La storia del diritto ecclesiastico occidentale arbitrariamente viene fatta nascere, dottrinalmente, nel 313 con l'editto di Milano emanato dall'imperatore romano Costantino e il riconoscimento di una prima primitiva libertà di religione, cioè il cristianesimo diviene religione "licita", consentita. Confondere storia del cristianesimo e diritto ecclesiastico è una prospettiva tipica di una visione politica non universalmente condivisa, giacché il diritto, dallo Stato moderno in poi, è cosa diversa e più specifica che non l'esercizio dell'autorità sui popoli praticato nell'impero romano, nel medio evo e nelle epoche successive fino alla laicizzazione del principio di autorità. Solo con la nascita dello Stato di diritto, dopo lo Statuto del Regno di Sardegna del 1848 e l'unità d'Italia del 1861, si porranno le basi della disciplina giuridica civile dei fenomeni religiosi, conseguenza della separazione fra autorità civile e autorità religiosa. L'odierno diritto civile di disciplina dei fenomeni religiosi è transitato per diverse forme di Stato, dal separatismo liberale, alle ambigue relazioni Stato-Chiesa della dittatura fascista, al progetto costituzionale del 1948. Quest'ultimo costituisce il cardine della moderna regolazione di questi fenomeni, ma sconta ancora un'impostazione arretrata e condizionata dalle pressioni delle diverse lobbies che condizionano la nostra democrazia. (cfr. G.Macrì, M. Parisi, V.Tozzi, Diritto civile e religioni, Laterza ed. 2013).
Con il formarsi della Chiesa cattolica in un'organizzazione forte e gerarchizzata, accaddero vari eventi che segnarono la storia europea: dapprima il Concilio di Nicea che condannò l'eresia di Ario, in seguito l'Editto di Tessalonica e le invasioni barbariche. Se in principio la Chiesa si vedeva universale, già dopo poco tempo esisteva una forte contrapposizione di primato spirituale tra Roma, che si autoproclamava il soglio di Pietro, e Costantinopoli, capitale dell'antico Impero. Le invasioni barbariche provocarono l'isolamento della chiesa romana dall'Impero, ma questo giovò sotto l'aspetto temporale all'ambiente ecclesiastico italico, in quanto godeva di poco controllo e di un'ampia autonomia, che gli permisero di elevarsi a figura politica carismatica del luogo agli occhi delle popolazioni locali. In questo periodo storico era ben evidente una certa forma di cesaropapismo e la superiorità temporale dell'Impero alla Chiesa. Già ai tempi di Costantino, era lo stesso imperatore a convocare i concili cristiani, pur paradossalmente essendo ancora pontifex maximus della religione pagana, e ad adottare leggi e provvedimenti sulla base di quanto deciso dai concili stessi.

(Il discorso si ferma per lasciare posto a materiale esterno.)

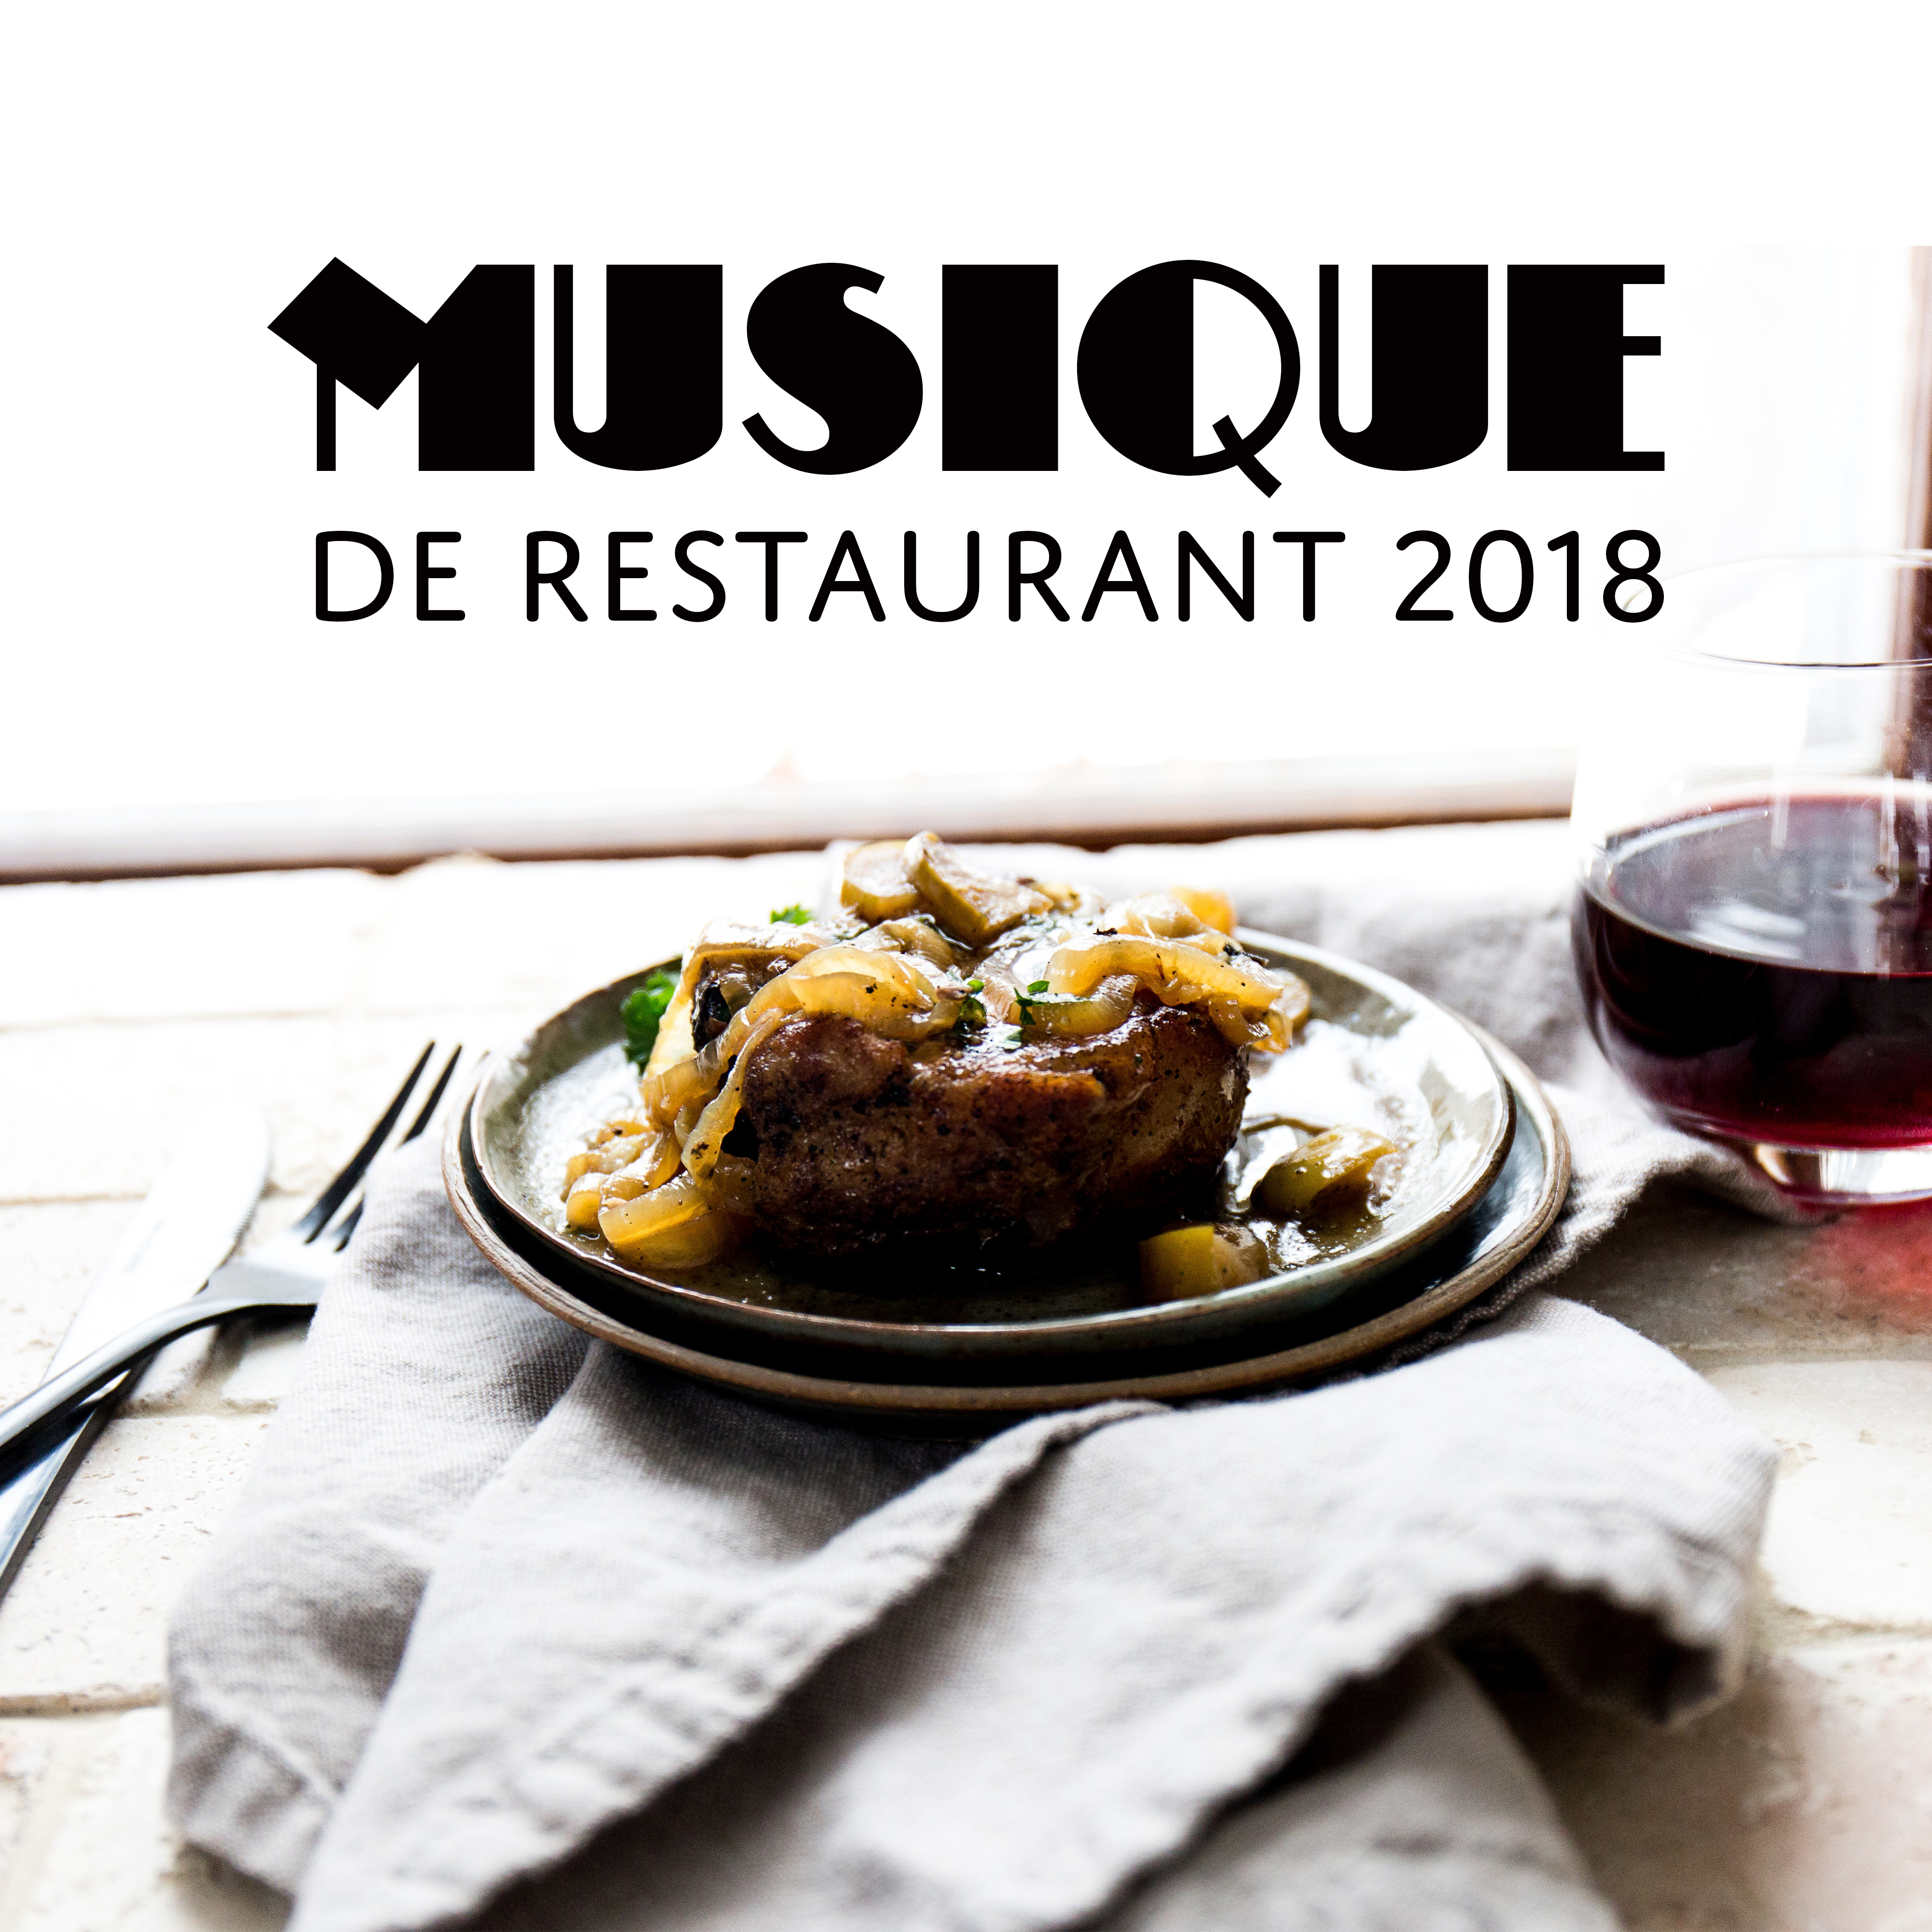 Musique de restaurant 2018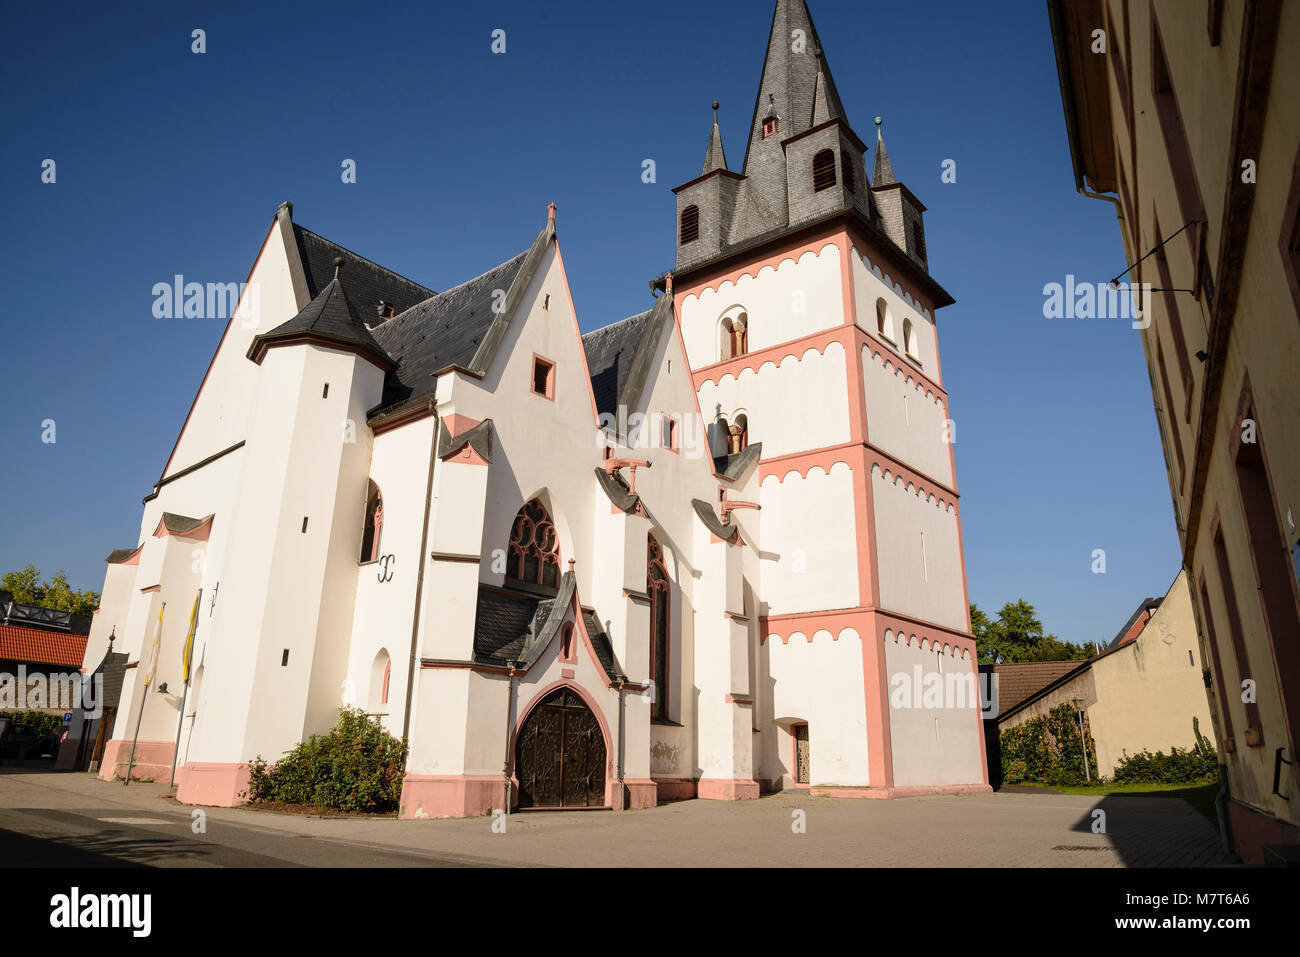 Pfarrkirche San Martin, la città di Oestrich-Winkel, Rheingau, Assia, Deutschland Foto Stock

Mentre la Chiesa si serviva dell'autorità dell'Impero e delle istituzioni giuridiche romane, allo stesso tempo personaggi ecclesiastici come i vescovi assumevano un'importanza considerevole all'interno della società, sostituendosi spesso ai magistrati per le controversie giuridiche, a volte anche, col passar del tempo, in maniera esclusiva, dando vita a quello che verrà chiamato in seguito privilegio del foro e rafforzando la commistione fra temporale e spirituale.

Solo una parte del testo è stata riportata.